But the controversial author takes a position on the tsarist-era pogroms at odds with most historians. Solzhenitsyn, 83, blames the pogroms on a grass-roots movement, exculpating the Russian state from any responsibility in the anti- Jewish attacks.
He also blames the “liberal intelligentsia” — often a code word for Jews — for exaggerating the extent of the pogroms.
That does not go over well in a community that suffered the pogroms’ fury.
“Solzhenitsyn’s book is anti-Semitic and mendacious. It is deliberately distorting the history of Russian Jews,” Victor Dashevsky, a Jewish historian who heads the Moscow Anti-Fascist Center, told JTA.
Solzhenitsyn’s book covers Russian-Jewish relations from the late 18th century — when the partition of Poland placed large numbers of Jews in the Russian Empire — until the Russian Revolution of 1917.

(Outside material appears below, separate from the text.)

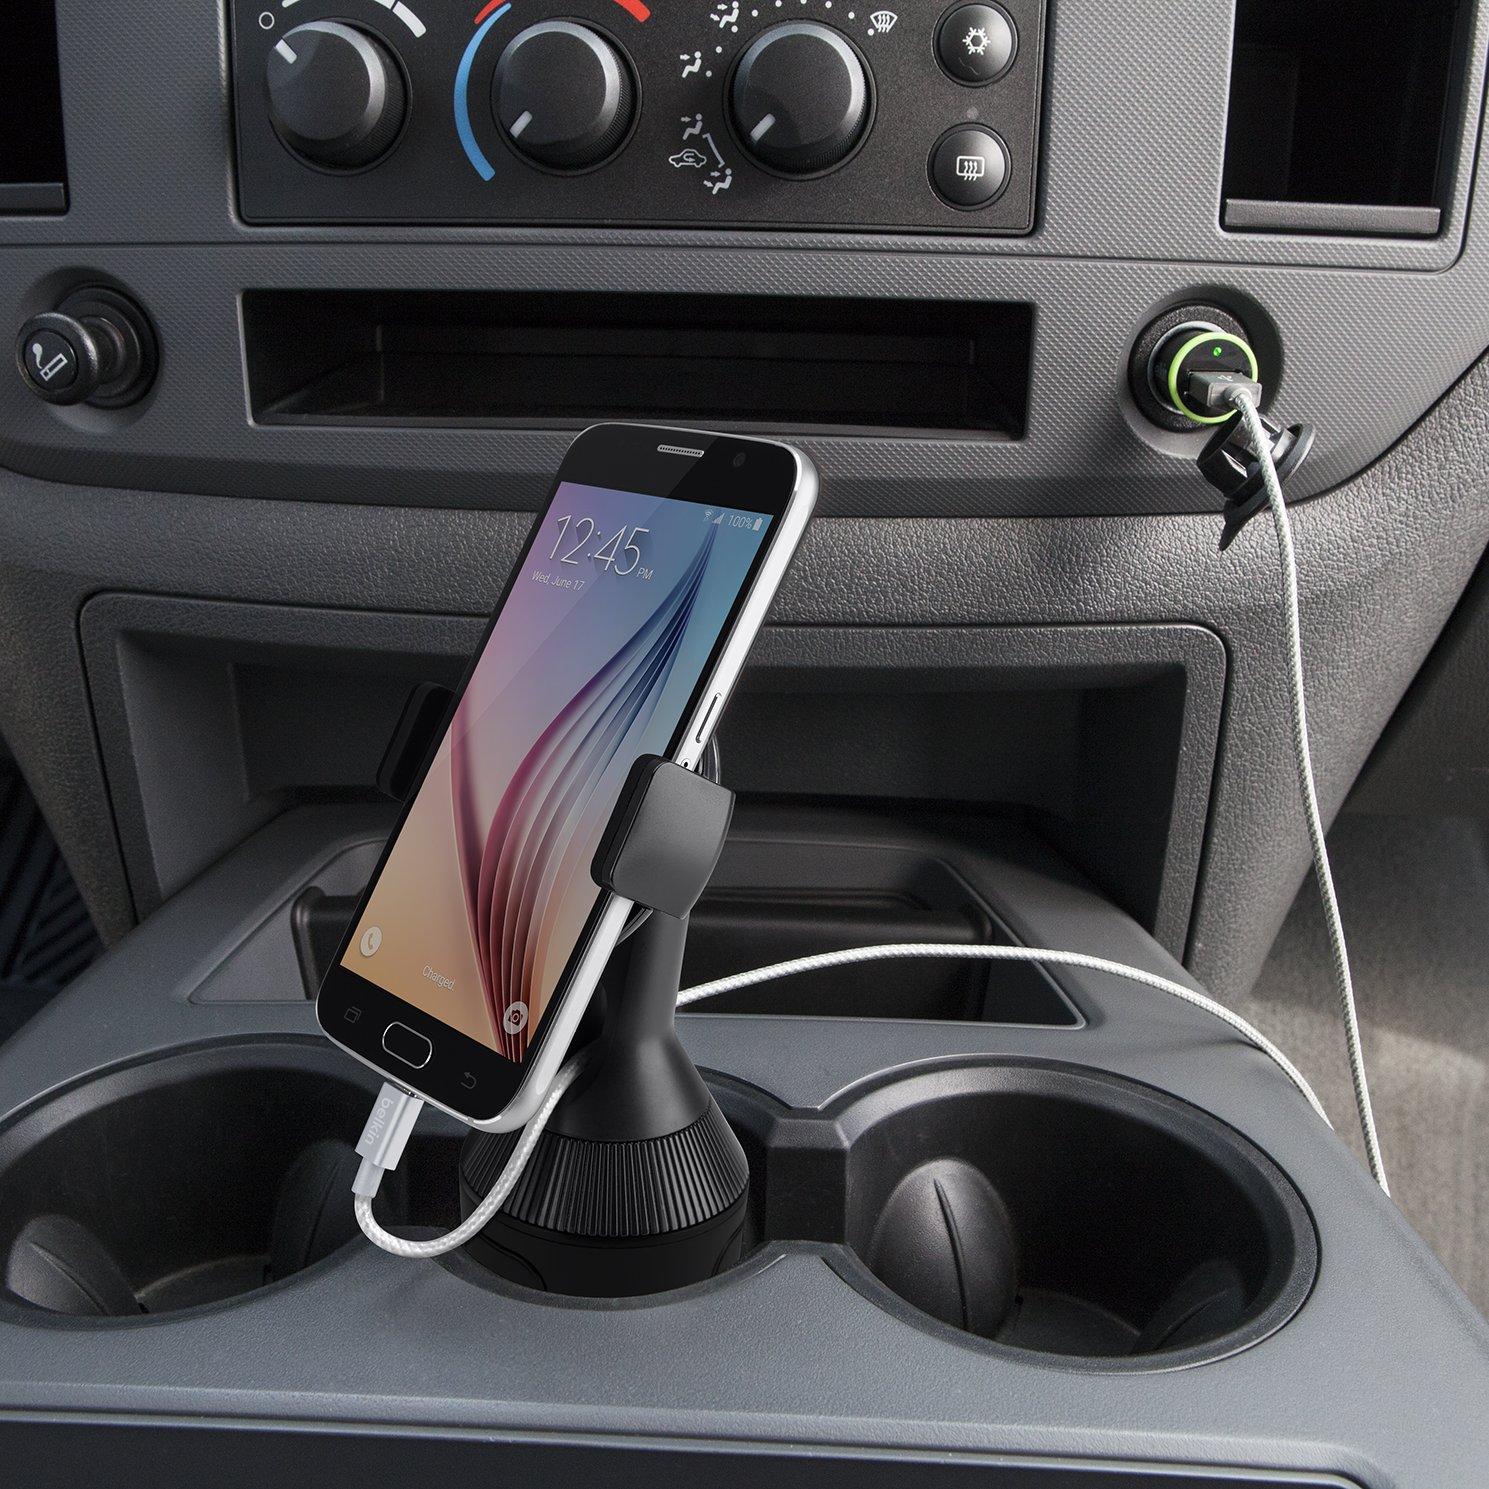 geeignet f/ür iPhone/XS, XS/Max, XR, X, 8//8/Plus, Samsung/Note9, S9//S9+ sowie Ger/äte von LG, Sony, Google und anderer Hersteller Belkin Auto-L/üftungshalterung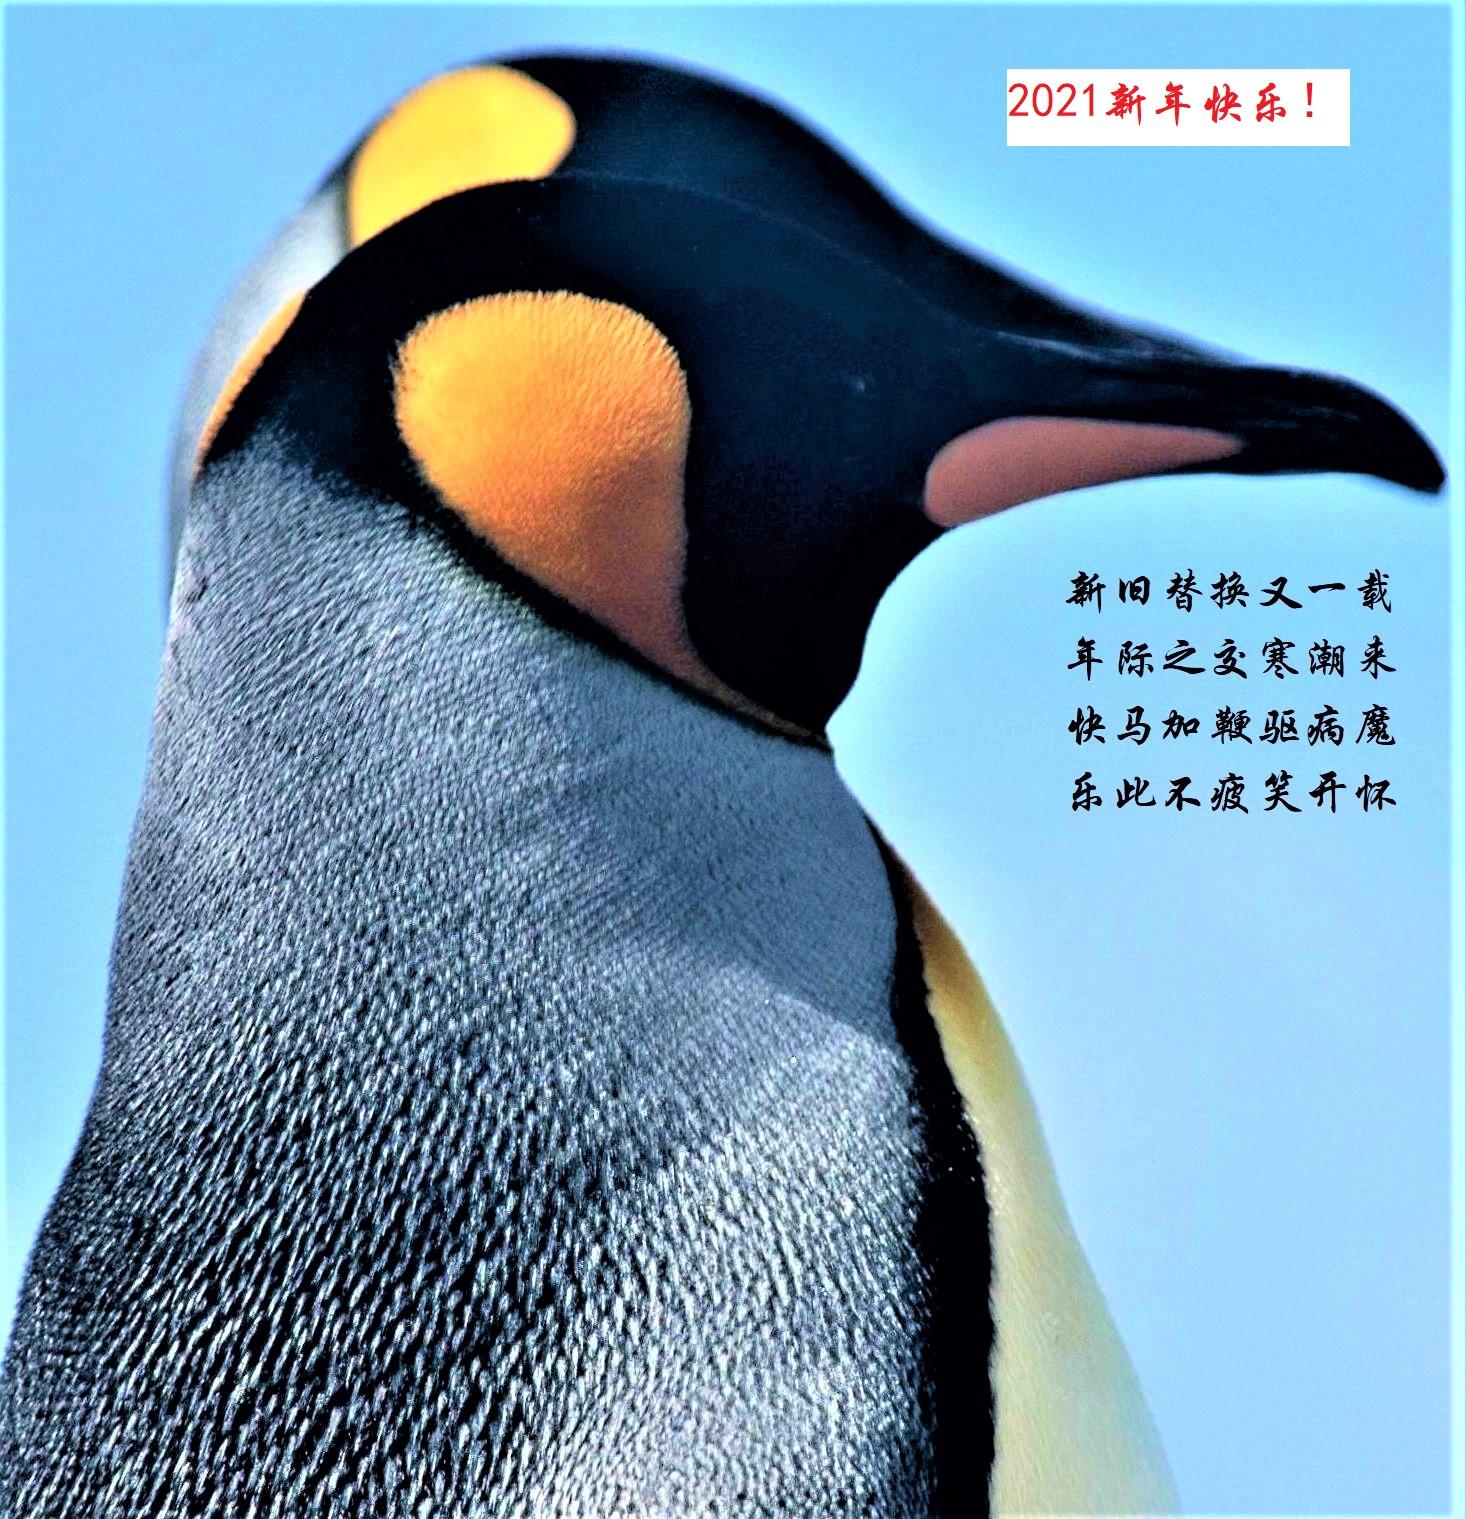 0000重新曝光 DSC_0207 - 副本 (2).jpg

He intends to continue his exploration in a second volume.
This is not the first time Solzhenitsyn has made headlines.
Solzhenitsyn first burst onto the world literary scene in the 1960s as a Soviet dissident whose novels — including “One Day in the Life of Ivan Denisovich” and “The Gulag Archipelago” — exposed the repression of Soviet communism.
His initial reputation as a beacon of freedom and enlightenment makes the current controversy especially poignant. Yet Solzhenitsyn ceased to be the darling of the West some time ago, when he made known his questionable attitudes toward democracy and Jews.
In December 1999, before Russia’s last parliamentary elections, he was quoted on Russian television as being fearful of a Jewish conspiracy against Russia.
But for some, Solzhenitsyn always will be remembered for his dissident activity.
“Solzhenitsyn is not an anti-Semite. He remains a banner of my generation, for Jews and non-Jews,” said Mark Kajdan, 54, a Jewish researcher with the Russian Academy of Sciences, who was close to the dissident movement in the 1970s.
Indeed, some extremists even criticized the book for being too soft on the Jews.
“Solzhenitsyn is a traitor, who sold himself to world Jewry,” one extreme nationalist newspaper wrote.
Some wonder if Solzhenitsyn — who returned to Russia a few years ago from exile in Vermont — is still relevant in post-Communist Russia.
“Solzhenitsyn is not a historian at all. He is an obsolete creator of myths,” said Lev Krizhak, a Jewish student of history at a Moscow university. “He is not interesting anymore, he is himself a myth.”
Russian President Vladimir Putin apparently disagrees.
Putin recently paid a highly publicized visit to Solzhenitsyn at his villa, though details of their talk were not disclosed.